ECLI:NL:RVS:2019:1919
Raad van State
- Voorlopige voorziening
- Rechtspraak.nl
Voorlopige voorziening in asielzaak met betrekking tot intrekking verblijfsvergunning
Op 17 juni 2019 heeft de voorzieningenrechter van de Afdeling bestuursrechtspraak van de Raad van State uitspraak gedaan in een zaak waarin een vreemdeling verzocht om een voorlopige voorziening. De vreemdeling had eerder een verblijfsvergunning asiel voor bepaalde tijd gekregen, maar deze was door de staatssecretaris van Justitie en Veiligheid op 19 juli 2018 ingetrokken.

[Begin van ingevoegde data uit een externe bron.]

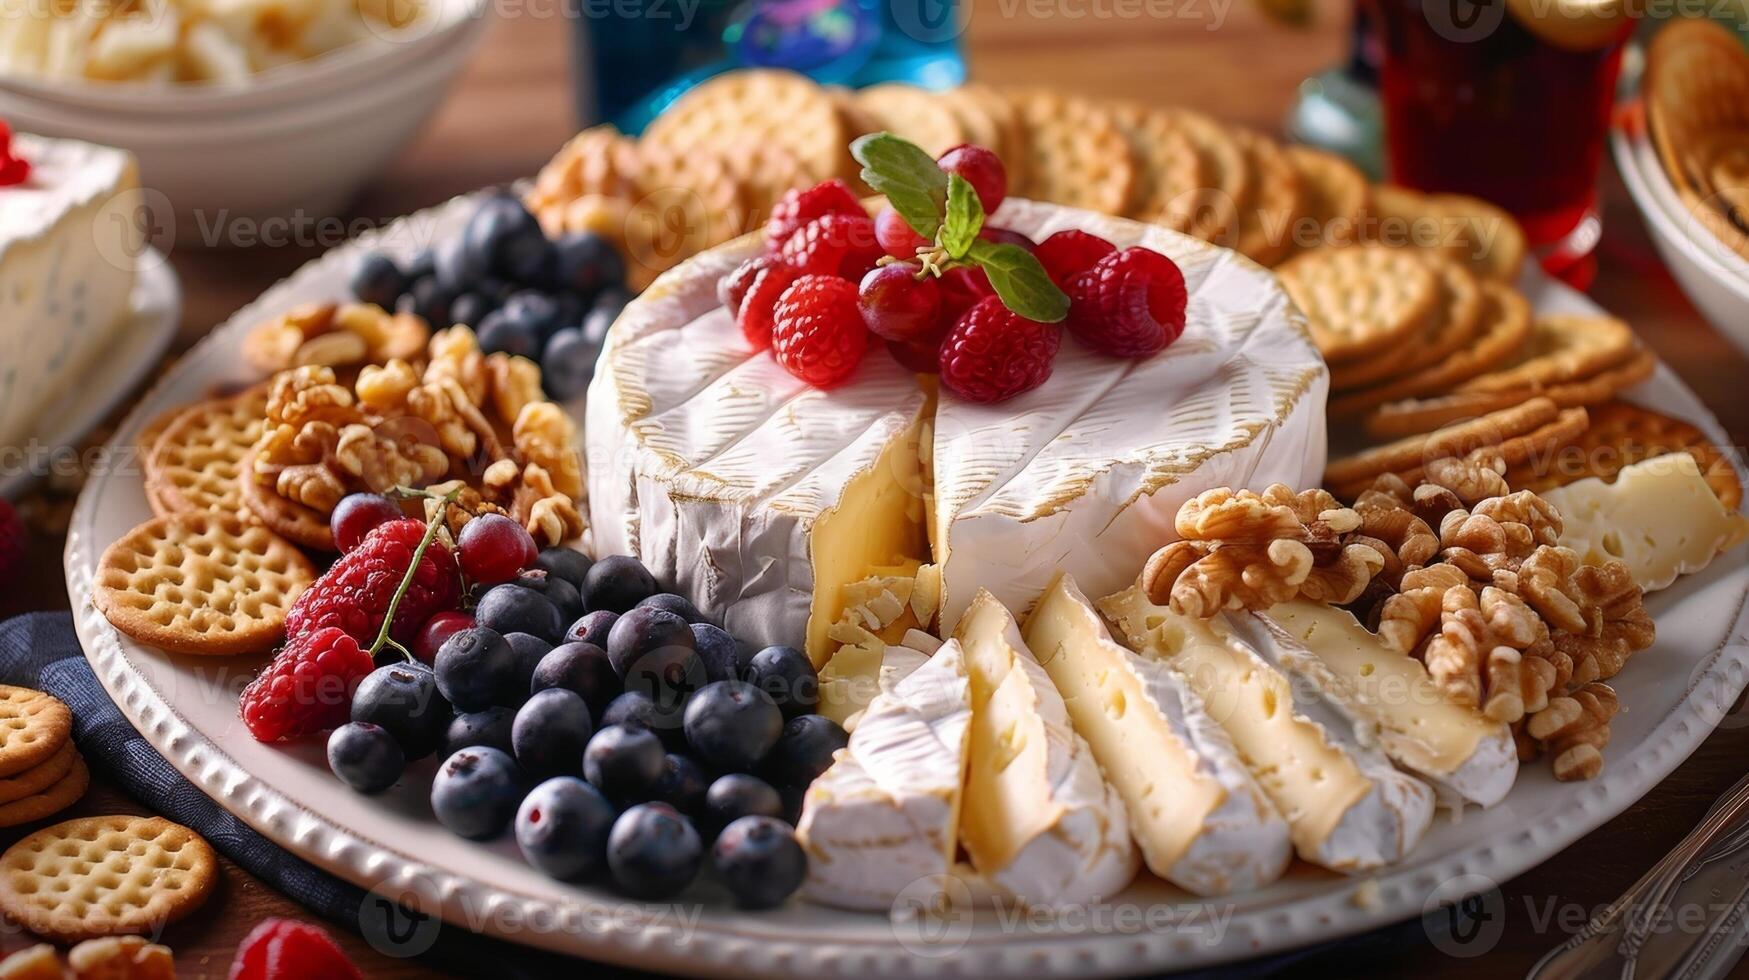 A delectable spread of artisanal cheeses such as tangy Roquefort creamy Camembert and nutty aged cheddar beautifully arranged with a mix of juicy berries crispy crackers and honeyroaste photo

De vreemdeling had hiertegen beroep aangetekend bij de rechtbank Den Haag, die op 2 april 2019 het beroep ongegrond verklaarde. Hierop heeft de vreemdeling hoger beroep ingesteld en verzocht om een voorlopige voorziening, zodat hij niet zou worden uitgezet voordat er op het hoger beroep was beslist.
De voorzieningenrechter heeft het verzoek van de vreemdeling in overweging genomen, met inachtneming van eerdere uitspraken, waaronder een uitspraak van 20 februari 2019. De voorzieningenrechter heeft geoordeeld dat het verzoek om een voorlopige voorziening toewijsbaar is. De staatssecretaris is veroordeeld tot vergoeding van de proceskosten die de vreemdeling heeft gemaakt in verband met de behandeling van het verzoek, tot een bedrag van € 512,00, dat geheel is toe te rekenen aan door een derde beroepsmatig verleende rechtsbijstand.
De voorzieningenrechter heeft bepaald dat de vreemdeling niet mag worden uitgezet totdat er een beslissing is genomen op het hoger beroep. Deze uitspraak is openbaar uitgesproken op 17 juni 2019.